**THE DATA**:
::::

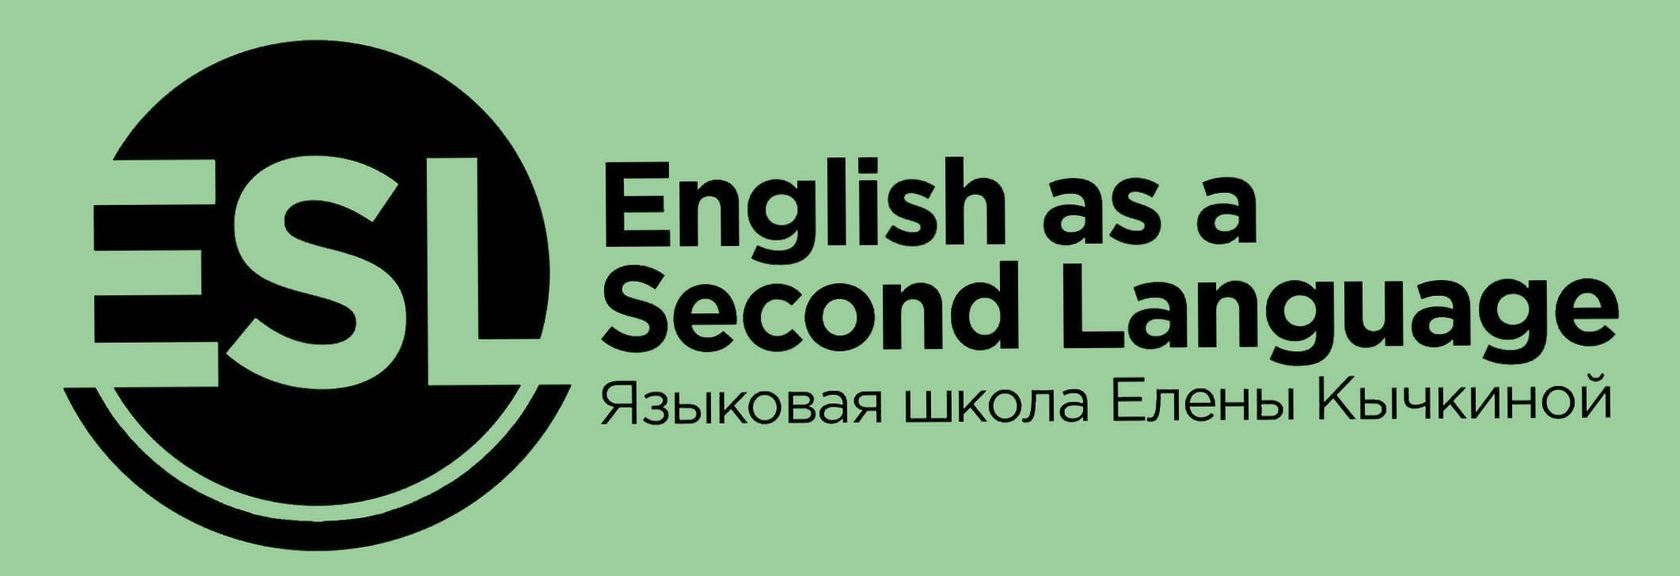 Языковая школа ESL
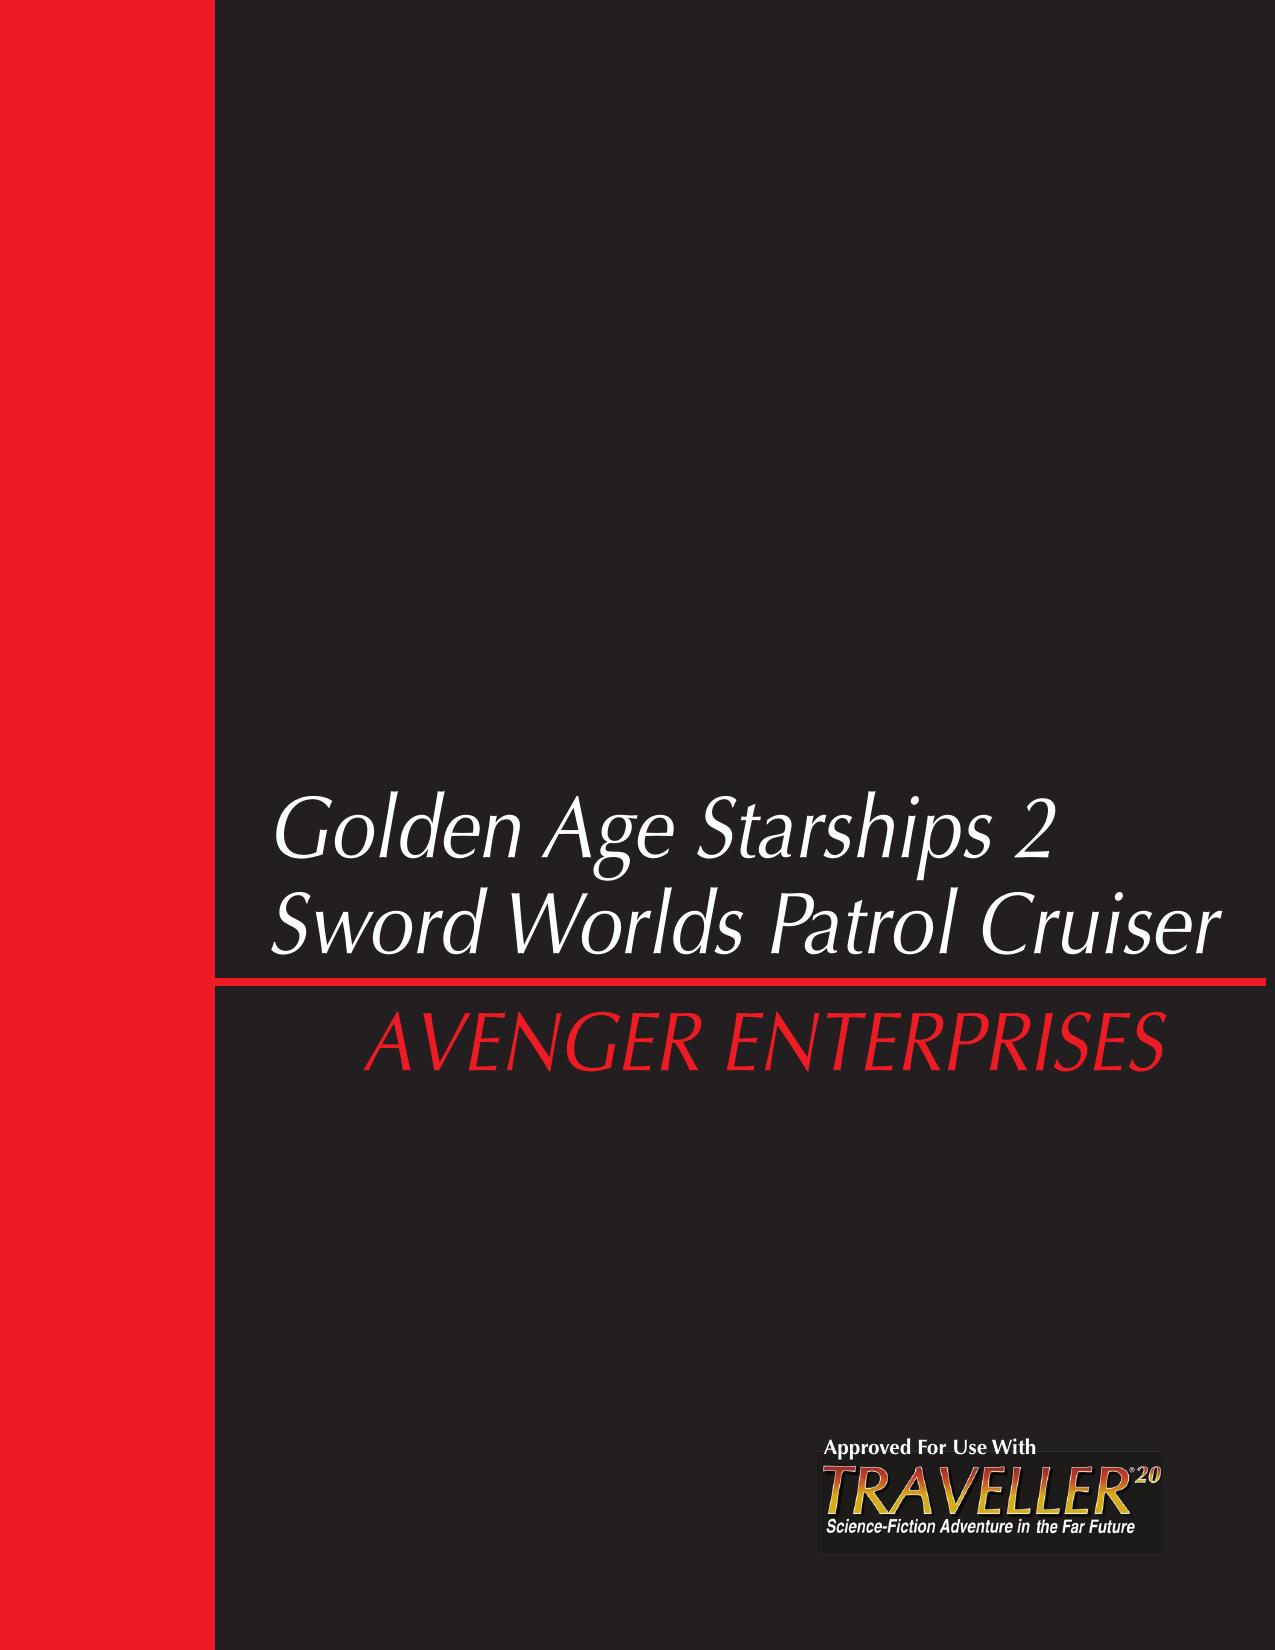 Sword Worlds Patrol Cruiser
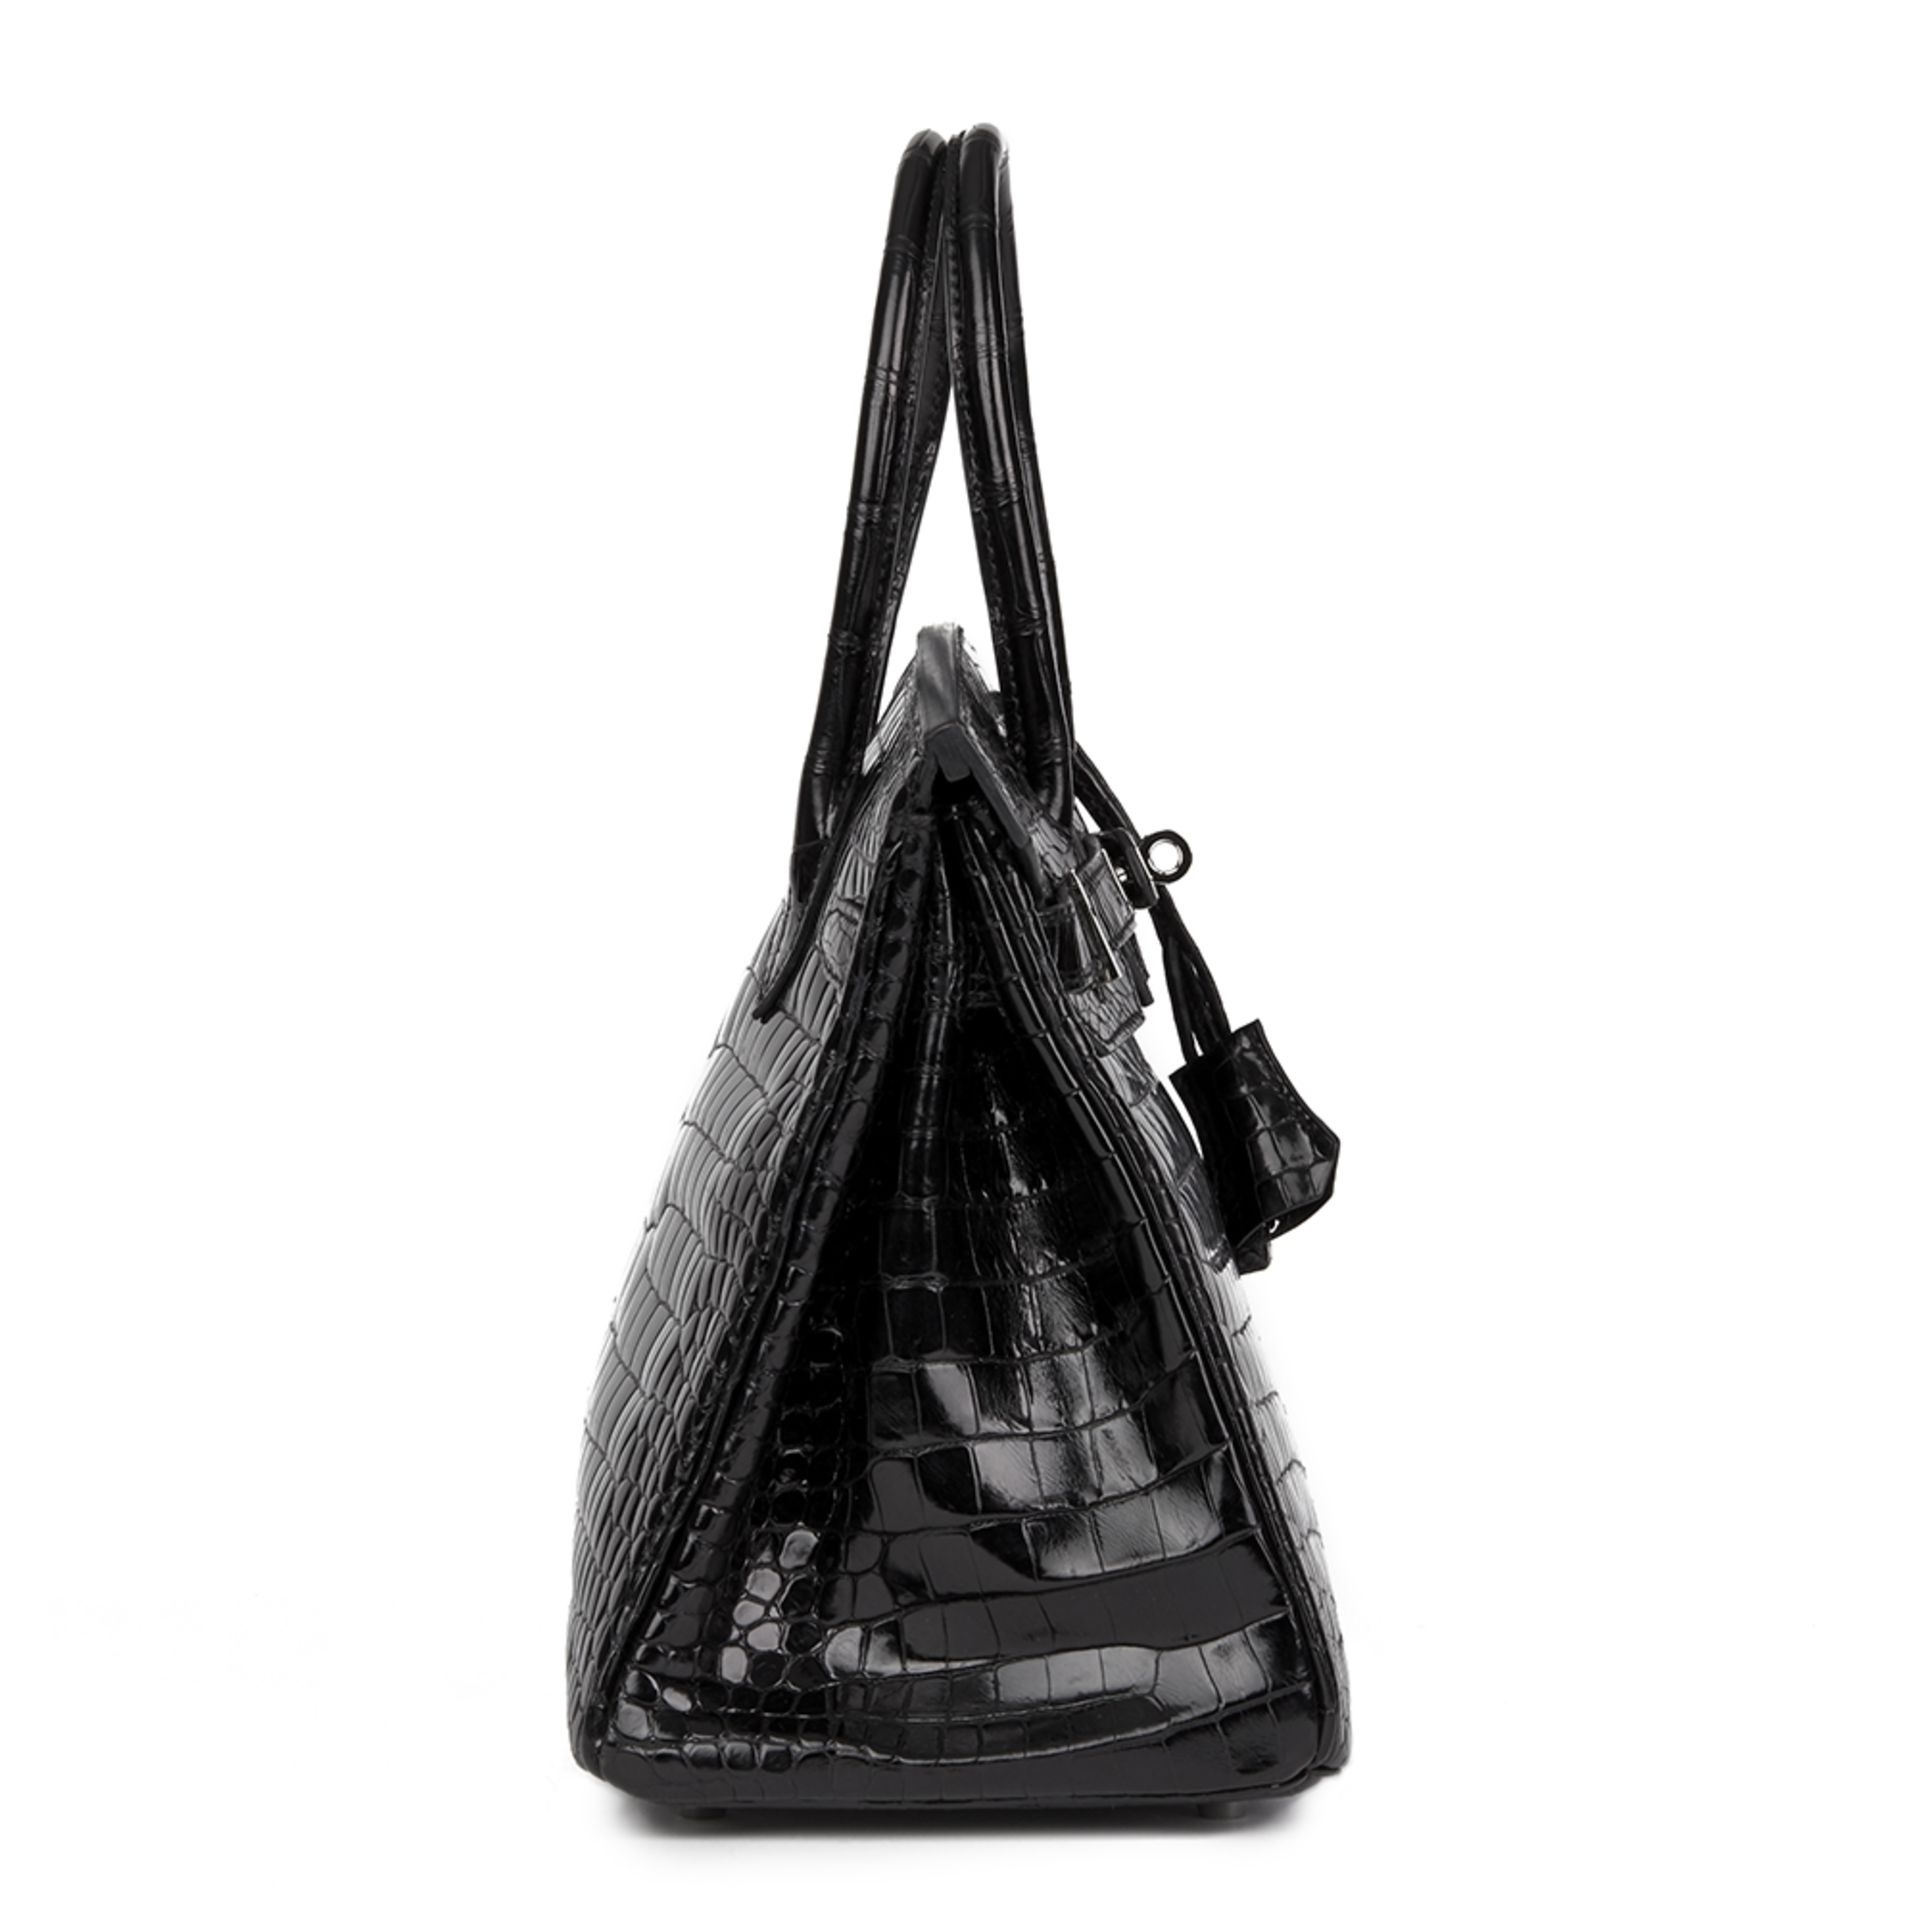 Hermès Black Shiny Porosus Crocodile Leather Birkin 30Cm - Image 12 of 12

::::

**AIM OF THE EXERCISE**: Repeat the data exactly, without the pictures.

**ANSWER SPACE**:
 Языковая школа ESL
 Sword Worlds Patrol Cruiser
 Hermès Black Shiny Porosus Crocodile Leather Birkin 30Cm - Image 12 of 12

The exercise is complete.